Modified sports with shorter game times and more focus on fun than winning could prove key to encouraging older Australians to play sport and keep fit.

New Flinders University research has found adults play sport for the enjoyment, to improve their fitness and to socialise, but injuries, illness and family commitments can hamper participation.

“We know that in Australia, two thirds of young people play sport, but this drops to only a third when looking at Australians aged over 55,” says study lead author Sarah Crossman, a PhD Candidate in Flinders University’s College of Education, Psychology & Social Work.

“However, at this age, people often turn to other physical activities such as bushwalking or going to the gym so it’s not that they don’t enjoy physical activity any longer but instead have decided to stop playing organised sport.

“With over a third of Australians likely not to be doing enough exercise each week, organised sport could prove a useful public health tool if we could encourage more people to join or continue playing.”

Sarah Crossman

Published in the journal Psychology of Sport and Exercise, the authors reviewed almost 100 existing studies featuring more than 48,000 people to investigate why adults participated in sport and what stopped them.

Improved health was the number one reason reported, followed by enjoyment, desire to improve fitness and achieving personal goals. Social connection was also identified as a strong motivator.

The biggest limitation to participation was found to be injury or illness, followed by family commitments. Finances and time issues, including work commitments and limited free time, were also reported as major constraints.

“How and why adults participate in sport is complex and ever-changing, but our research showed that there are generally more positive reasons to play sport than there are restrictions or constraints,” says Ms Crossman.

“What this study does then highlight is where sports and community bodies can focus their efforts in a bid to increase adult sport participation.”

Suggestions for clubs include shortening the length of games or competitions to alleviate time pressures and focus on sport enjoyment rather than competition, much like what is done in junior sports programs.
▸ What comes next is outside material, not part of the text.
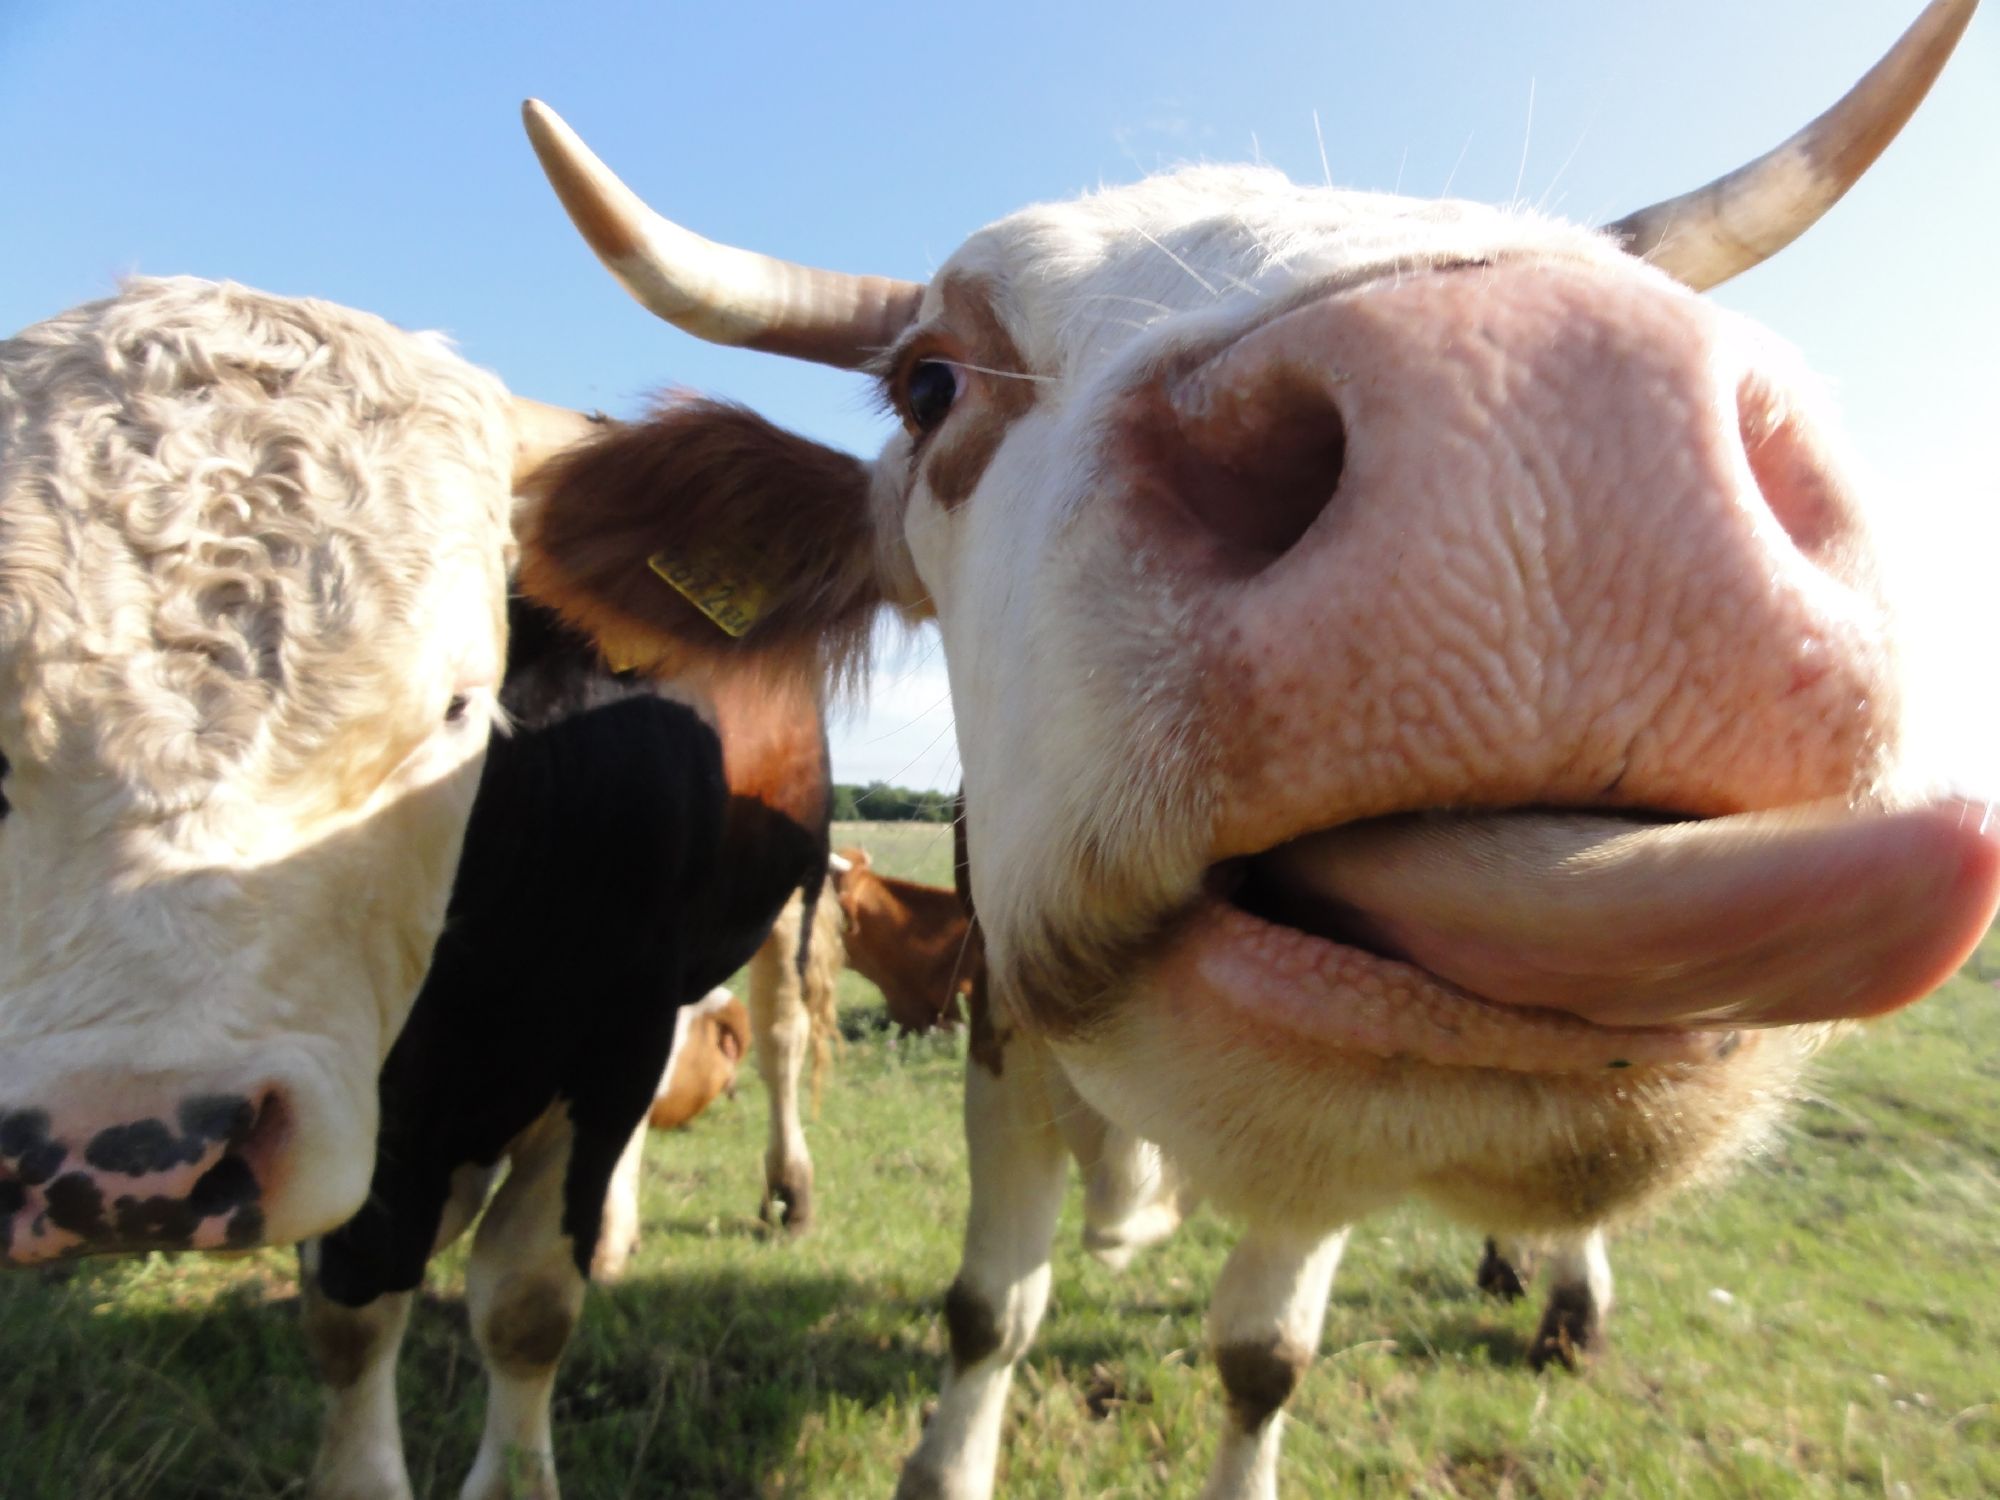 10 amazing facts about cows

“We have seen the emergence of sports such as walking netball and futsal as a positive approach to addressing some of the restrictions adults face in sport participation, including health issues and time constraints,” says Ms Crossman.

“However, we could take this a step further and design many other modified sports programs focussing on enjoyment and health and importantly include the input of the older players themselves.

“This would allow the programs to accommodate individual preferences such as goal achievement and improving fitness and address the limitations of time and finances, but still retain the essence of organised sport.

“Finally, given enjoyment was identified as a key sport facilitator, it is also important we gain a deeper understanding of what enjoyment means for people of different ages, genders, life stages and in different contexts, in order to best facilitate their future and ongoing participation.”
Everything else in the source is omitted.